Three closely-related fixes for shutdown / lifecycle hygiene.
1. _release_running_agent_state(session_key) helper
----------------------------------------------------
Per-running-agent state lived in three dicts that drifted out of sync
across cleanup sites:
self._running_agents — AIAgent per session_key
self._running_agents_ts — start timestamp per session_key
self._busy_ack_ts — last busy-ack timestamp per session_key
Inventory before this PR:
8 sites: del self._running_agents[key]
— only 1 (stale-eviction) cleaned all three
— 1 cleaned _running_agents + _running_agents_ts only
— 6 cleaned _running_agents only
Each missed entry was a (str, float) tuple per session per gateway
lifetime — small, persistent, accumulates across thousands of
sessions over months. Per-platform leaks compounded.
This change adds a single helper that pops all three dicts in
lockstep, and replaces every bare 'del self._running_agents[key]'
site with it. Per-session state that PERSISTS across turns
(_session_model_overrides, _voice_mode, _pending_approvals,
_update_prompt_pending) is intentionally NOT touched here — those
have their own lifecycles tied to user actions, not turn boundaries.
2. _running_agents_ts cleared in _stop_impl
----------------------------------------
Was being missed alongside _running_agents.clear(); now included.
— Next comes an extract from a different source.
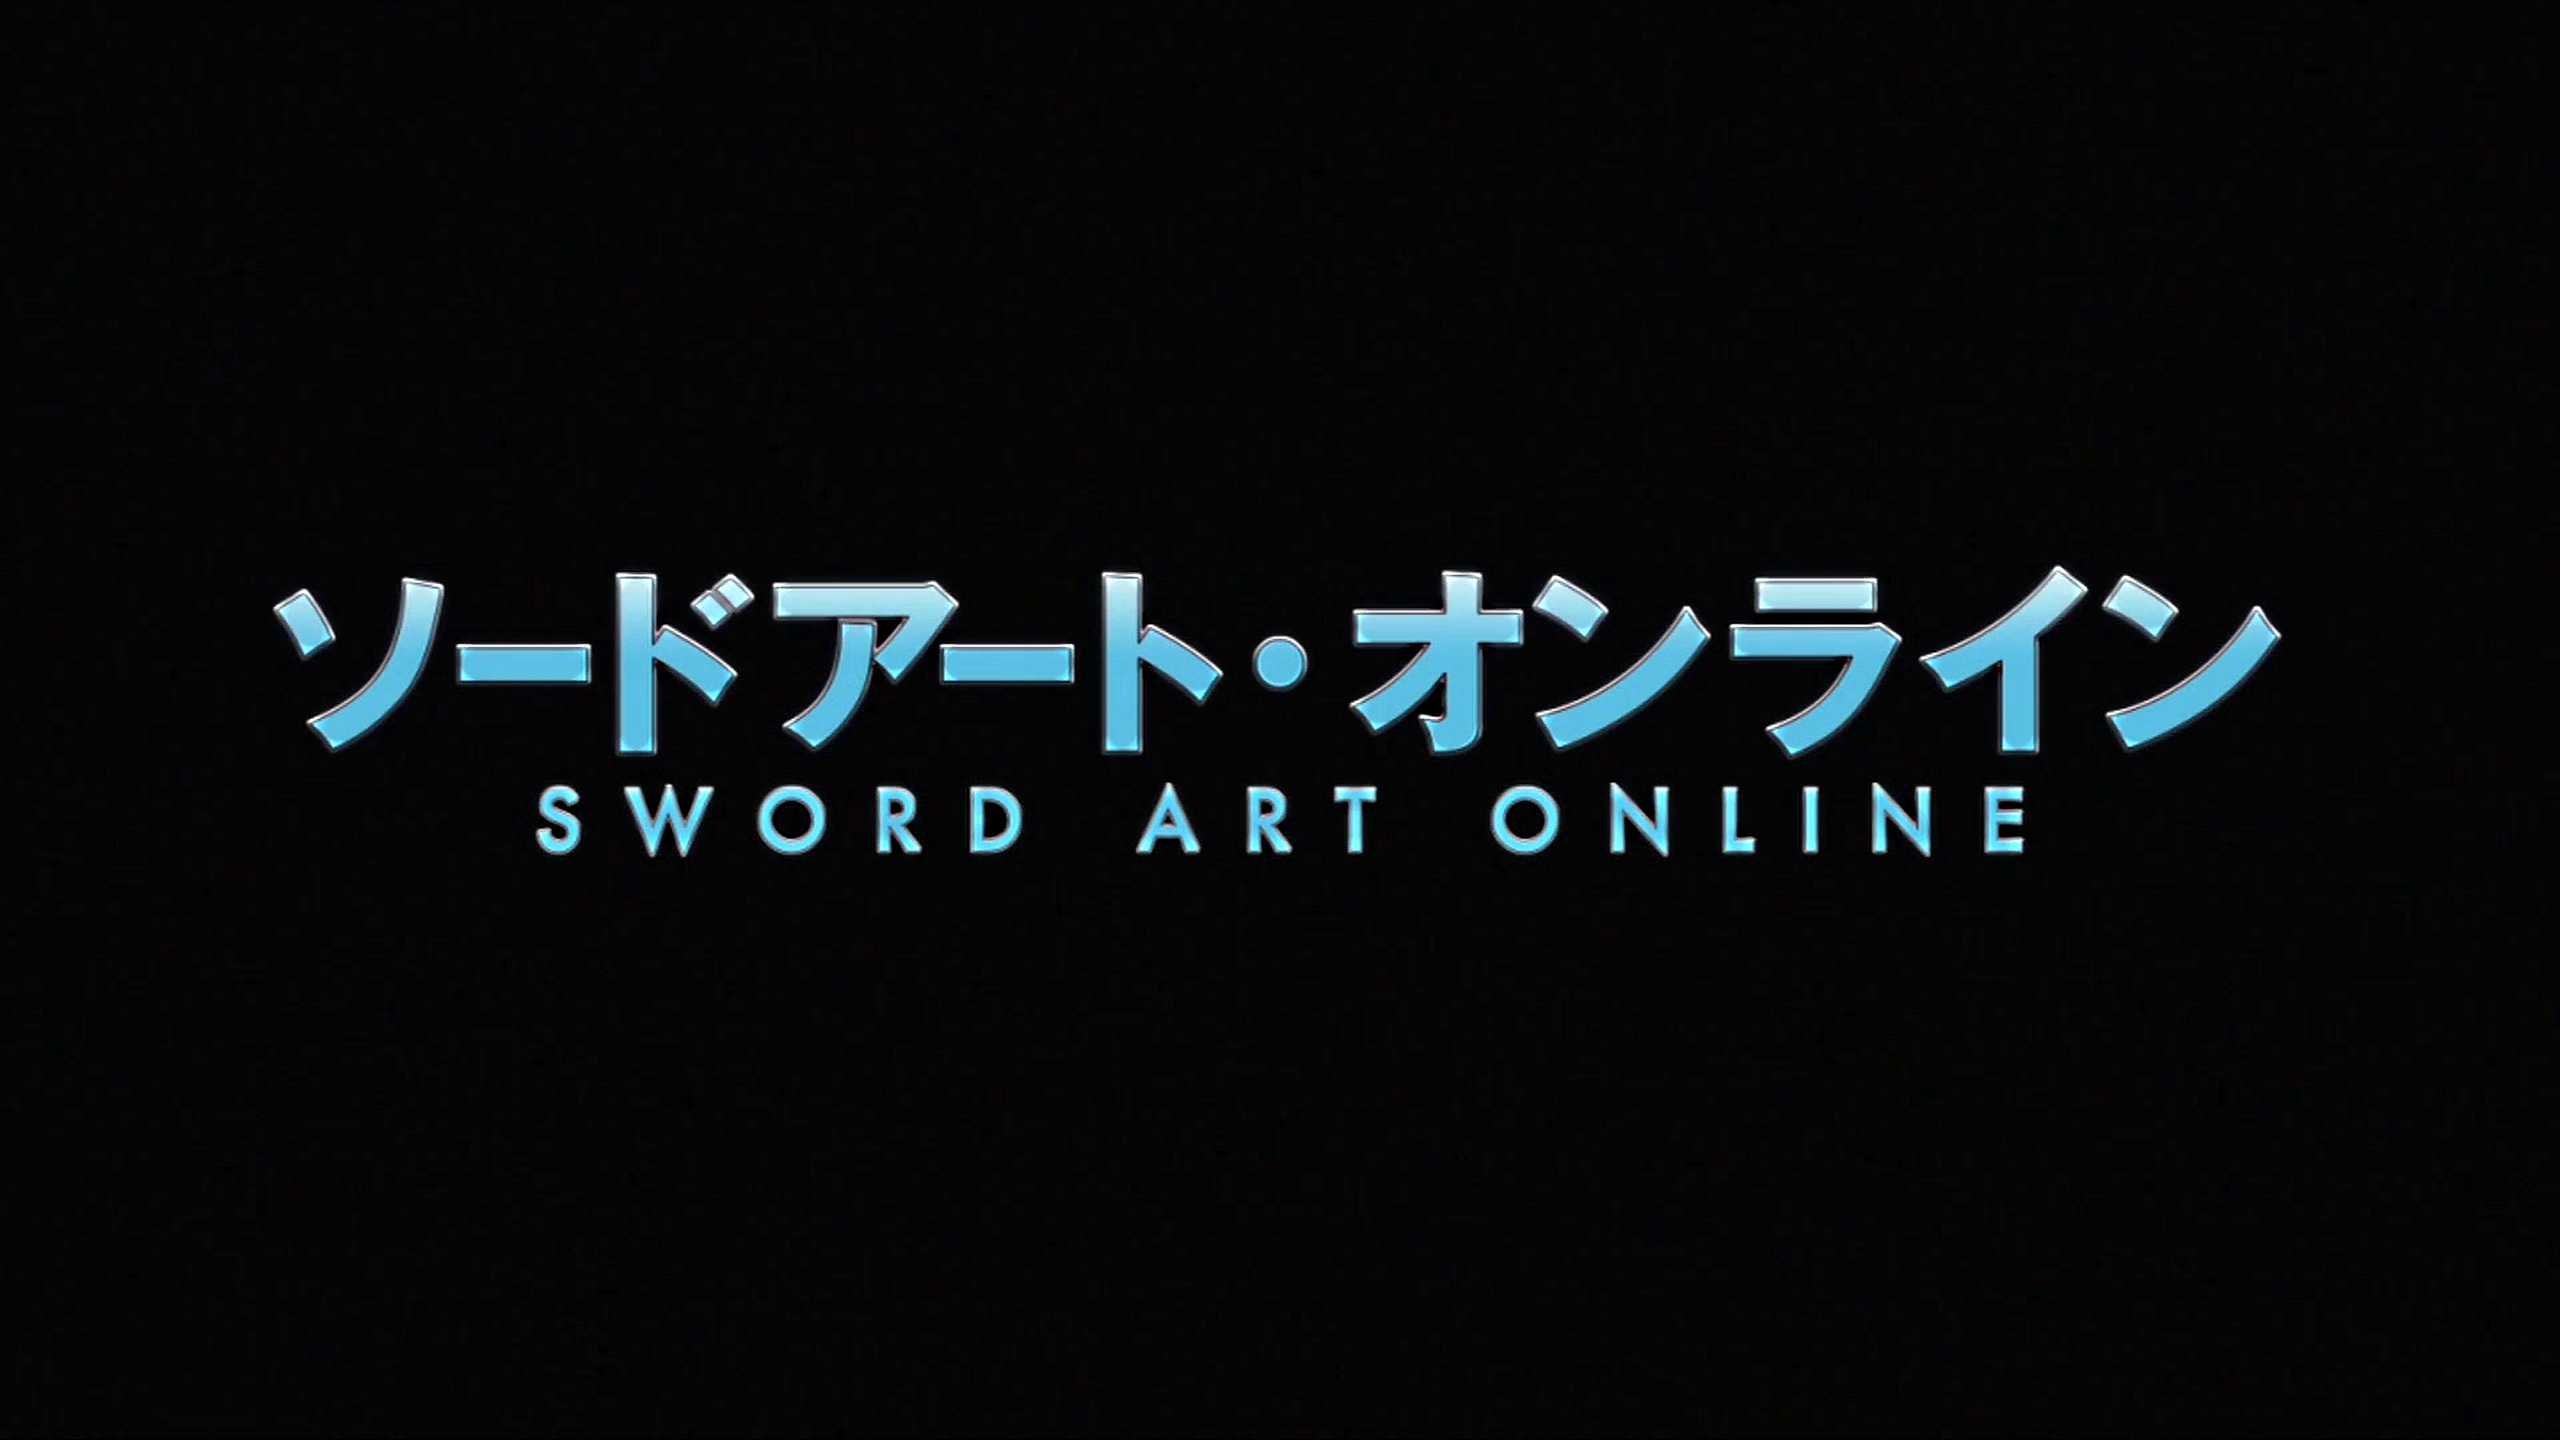 Sword Art Online Puter Wallpaper Desktop Background

3. SessionDB close() in _stop_impl
---------------------------------
The SQLite WAL write lock stayed held by the old gateway connection
until Python actually exited — causing 'database is locked' errors
when --replace launched a new gateway against the same file. We
now explicitly close both self._db and self.session_store._db
inside _stop_impl, with try/except so a flaky close on one doesn't
block the other.
Tests
-----
tests/gateway/test_session_state_cleanup.py — 10 cases covering:
* helper pops all three dicts atomically
* idempotent on missing/empty keys
* preserves other sessions
* tolerates older runners without _busy_ack_ts attribute
* thread-safe under concurrent release
* regression guard: scans gateway/run.py and fails if a future
contributor reintroduces 'del self._running_agents[...]'
outside docstrings
* SessionDB close called on both holders during shutdown
* shutdown tolerates missing session_store
* shutdown tolerates close() raising on one db (other still closes)
Broader gateway suite: 3108 passed (vs 3100 on baseline) — failure
delta is +8 net passes; the 10 remaining failures are pre-existing
cross-test pollution / missing optional deps (matrix needs olm,
signal/telegram approval flake, dingtalk Mock wiring), all reproduce
on stashed baseline.